◆ **Your objective**
Strip the pictures, then copy the remaining data exactly as it stands.

◆ **Information provided**
--*--

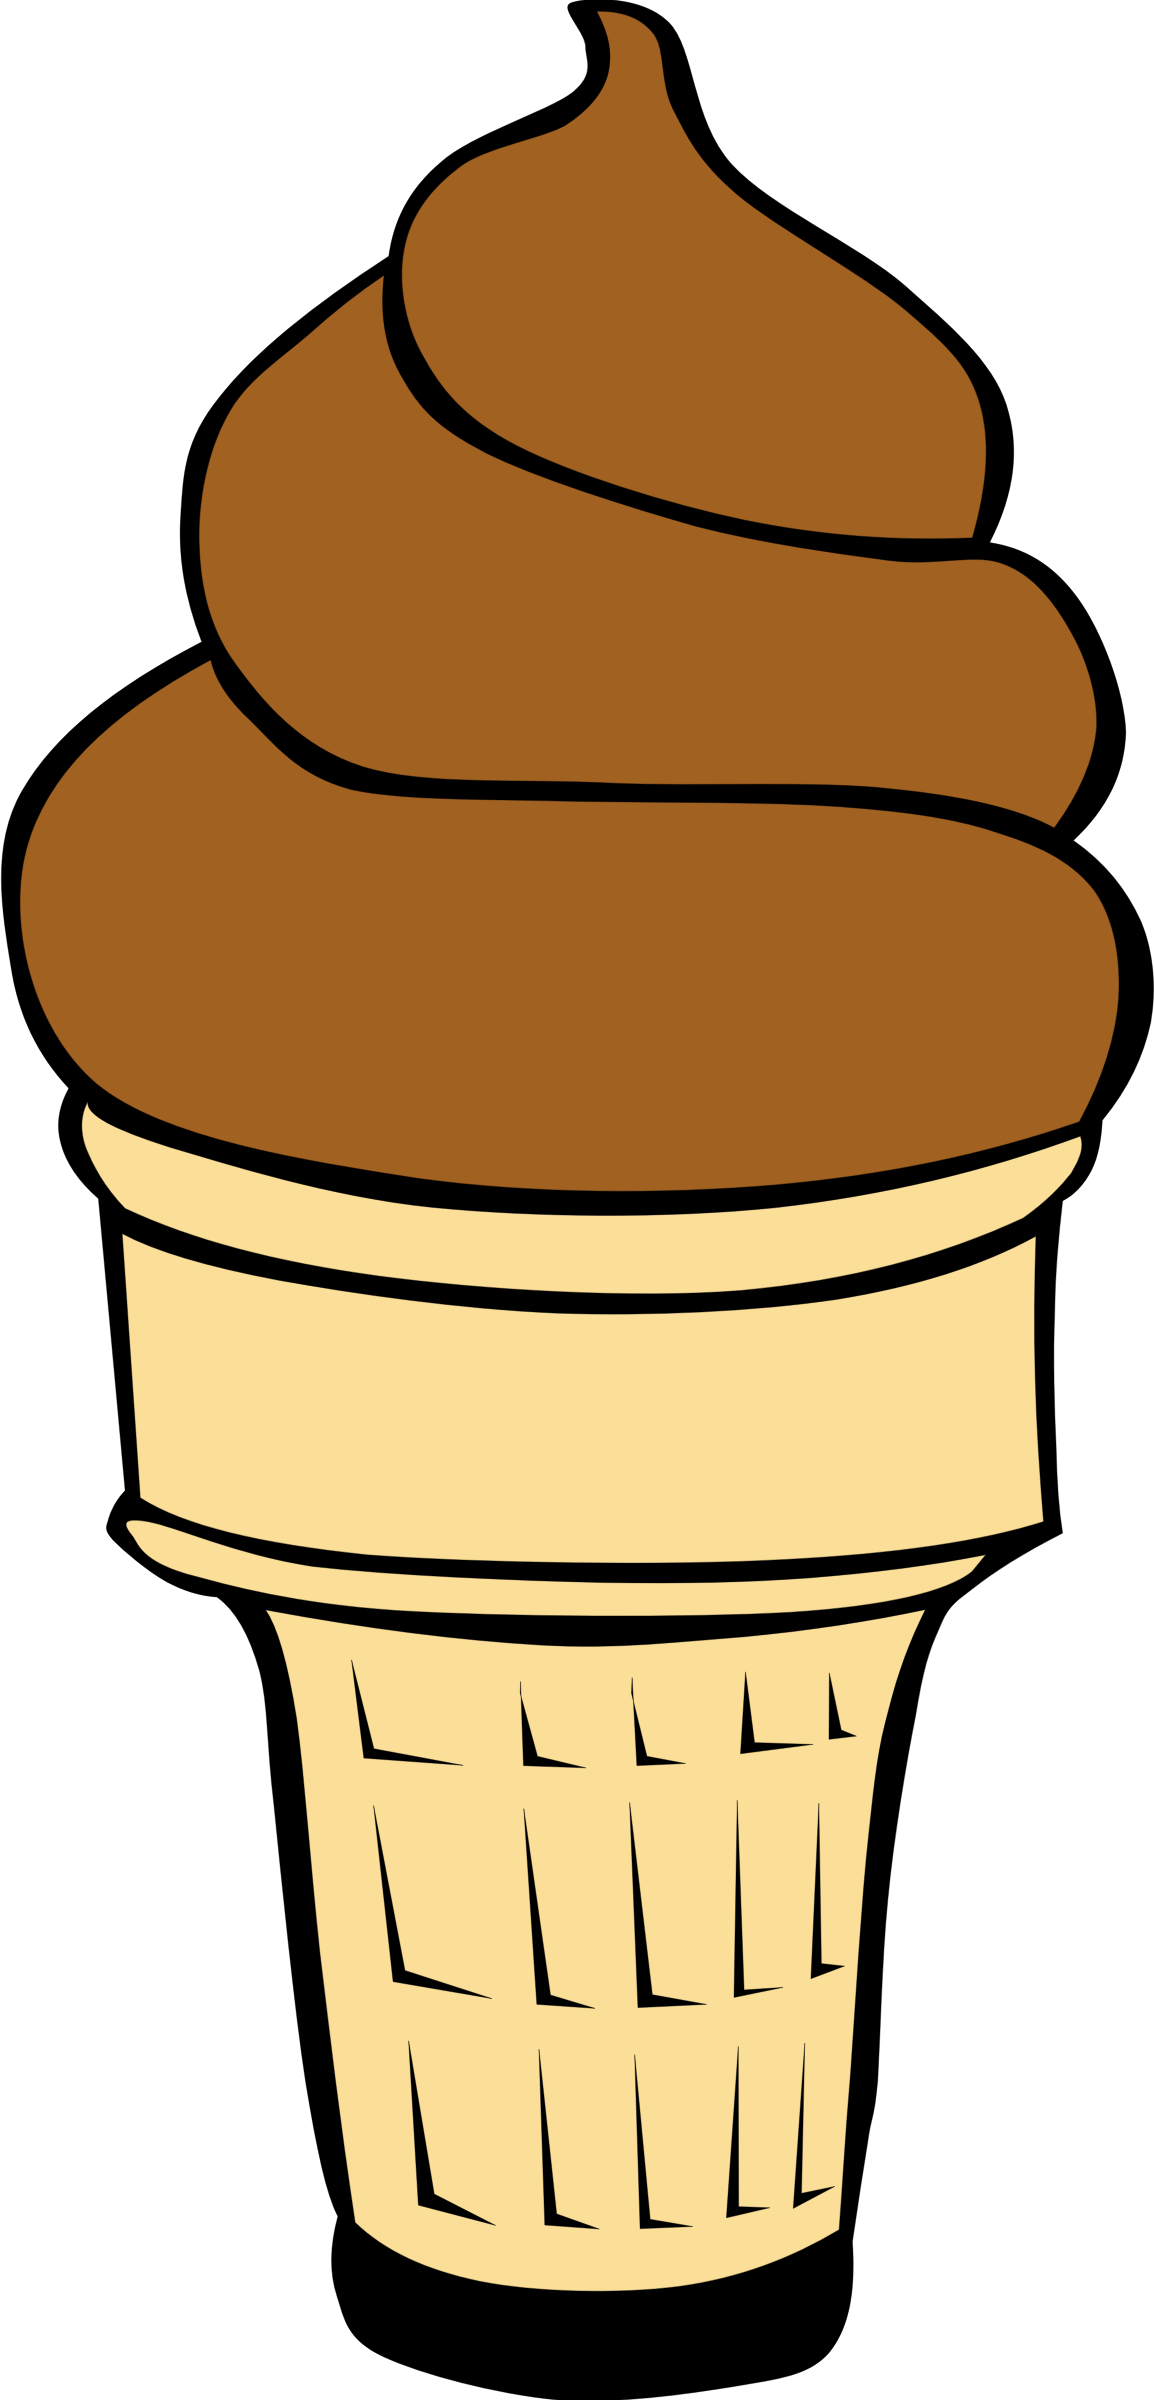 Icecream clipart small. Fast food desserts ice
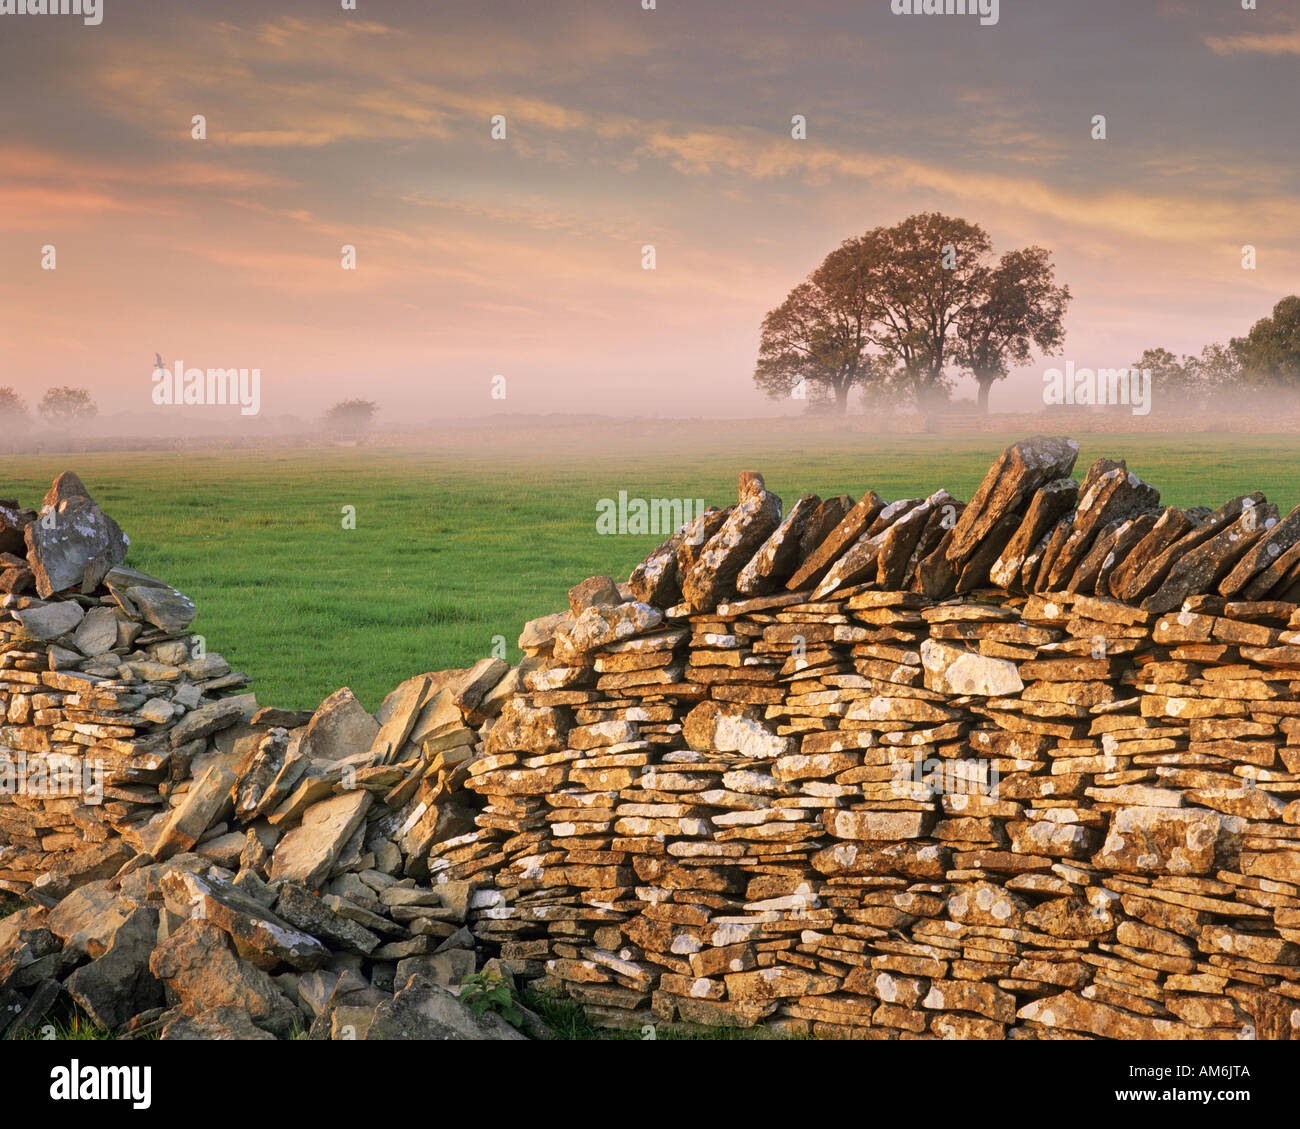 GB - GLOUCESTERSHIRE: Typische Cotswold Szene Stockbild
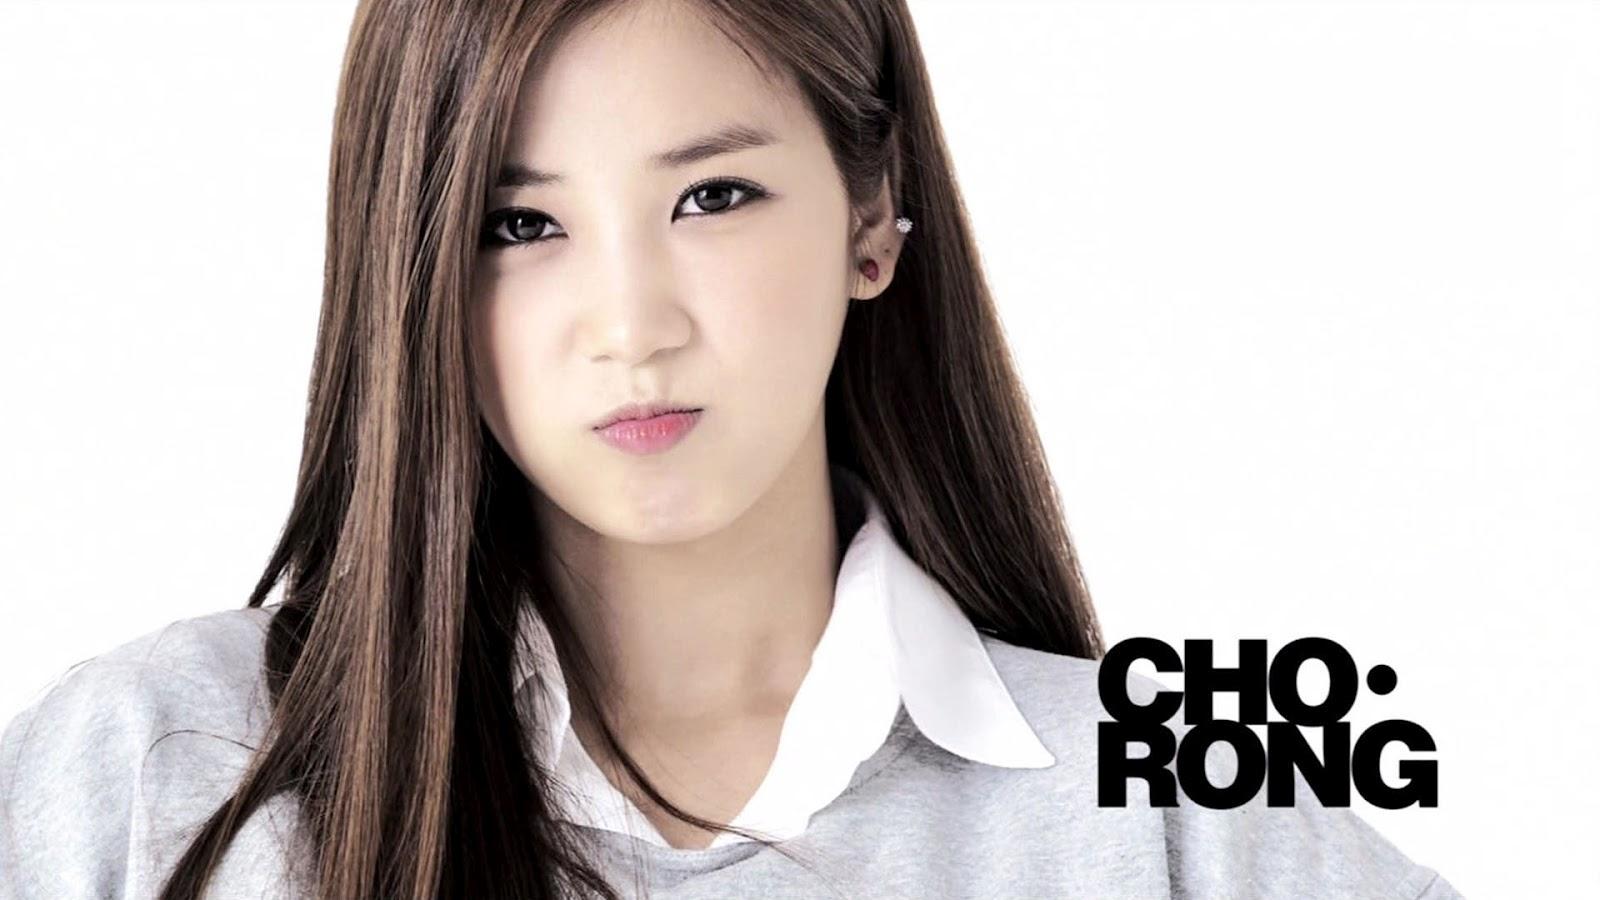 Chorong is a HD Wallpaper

--*--

◆ **Solution to this exercise**
 Icecream clipart small. Fast food desserts ice
 GB - GLOUCESTERSHIRE: Typische Cotswold Szene Stockbild
 Chorong is a HD Wallpaper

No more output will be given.